Contrastive Learning (InfoNCE Loss)을 이용하여 각각 Image Encoder(ViT), Text Encoder(Transformer) 를 학습시킨다.
이는 CLIP space (embedding space) 에서 image 와 text 가 동일한 semantic direction 을 가지도록 한다.

또한 4-billion Dataset 을 구축하여 고품질의 Encoder 를 학습하도록 하였다.
그 결과, 기존 SOTA image-language model 들에 비해 zero-shot classification task 에서 월등한 성능을 보여주며, 이는 여타 contrastive learning 과 마찬가지로 간단한 linear-layer 학습만으로 구현이 가능하다.

저자들은 위의 CLIP encoder pair 를 이용하여, GAN 에서 활용 가능한 의미 있는 latent vector 를 구하는 방법을 제시한다.
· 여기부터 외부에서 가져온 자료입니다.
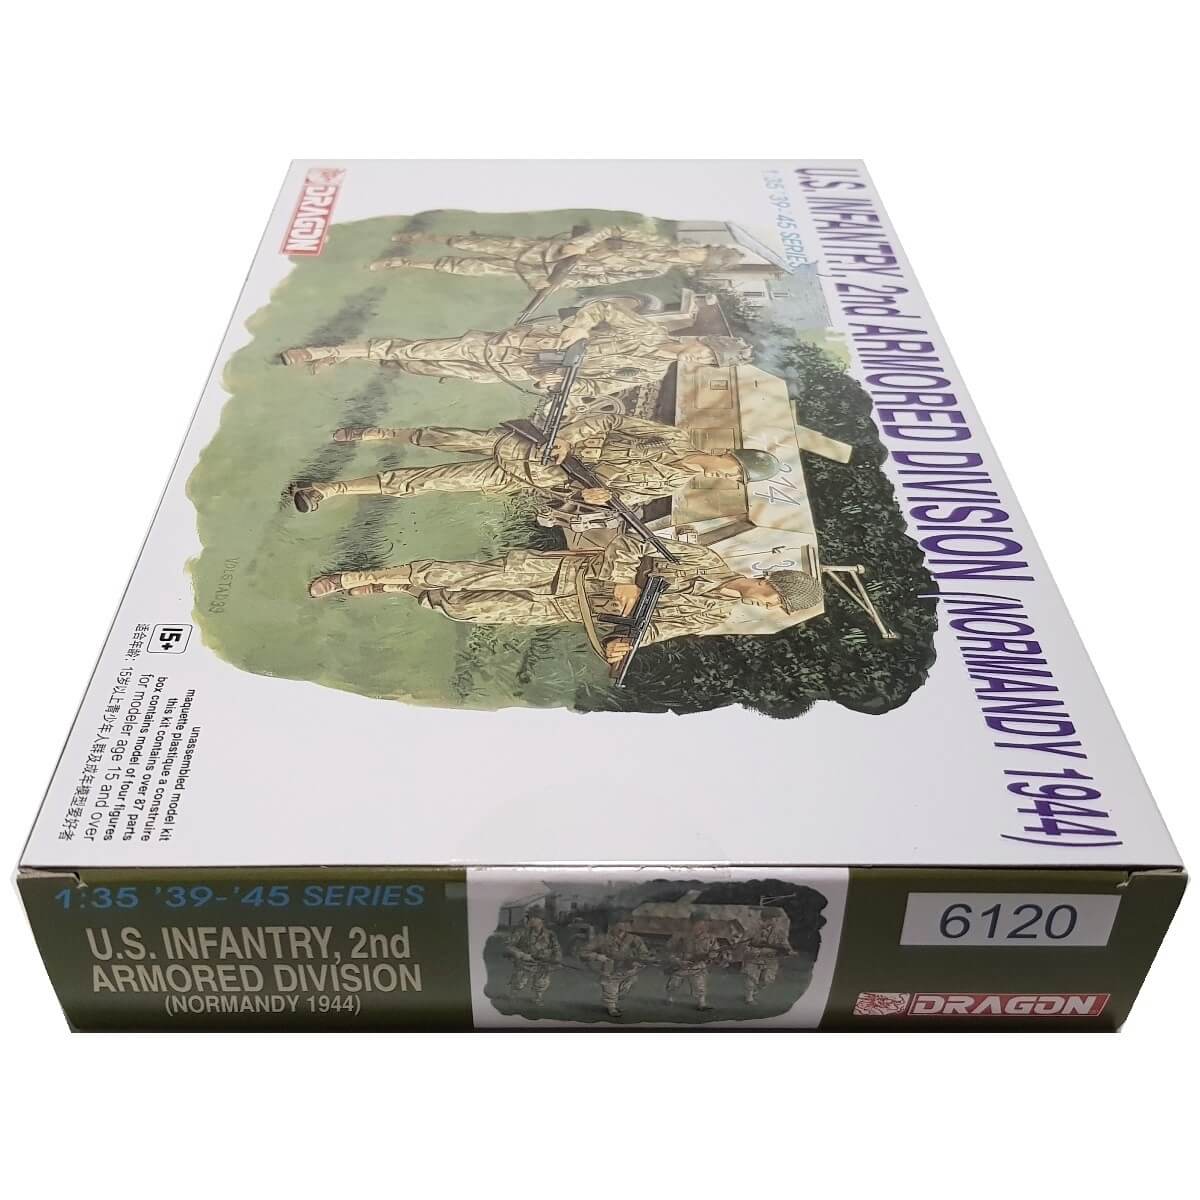 1:35 US Infantry 2nd Armored Division - Normandy 1944 - DRAGON

2. Text-Driven Manipulation

manipulation latent code 생성 방식은 크게 1) Optimization 2) Learned Mapper 으로 나뉘는데, 각각 non-parametric, parametric 한 방법이다.

2.1. Optimization

저자들은 CLIP model 을 통해서 CLIP space 상에서 Image-text pair의 공통된 semantic information 을 뽑을 수 있다고 가정하고, 다음과 같은 optimization objective 를 제시한다.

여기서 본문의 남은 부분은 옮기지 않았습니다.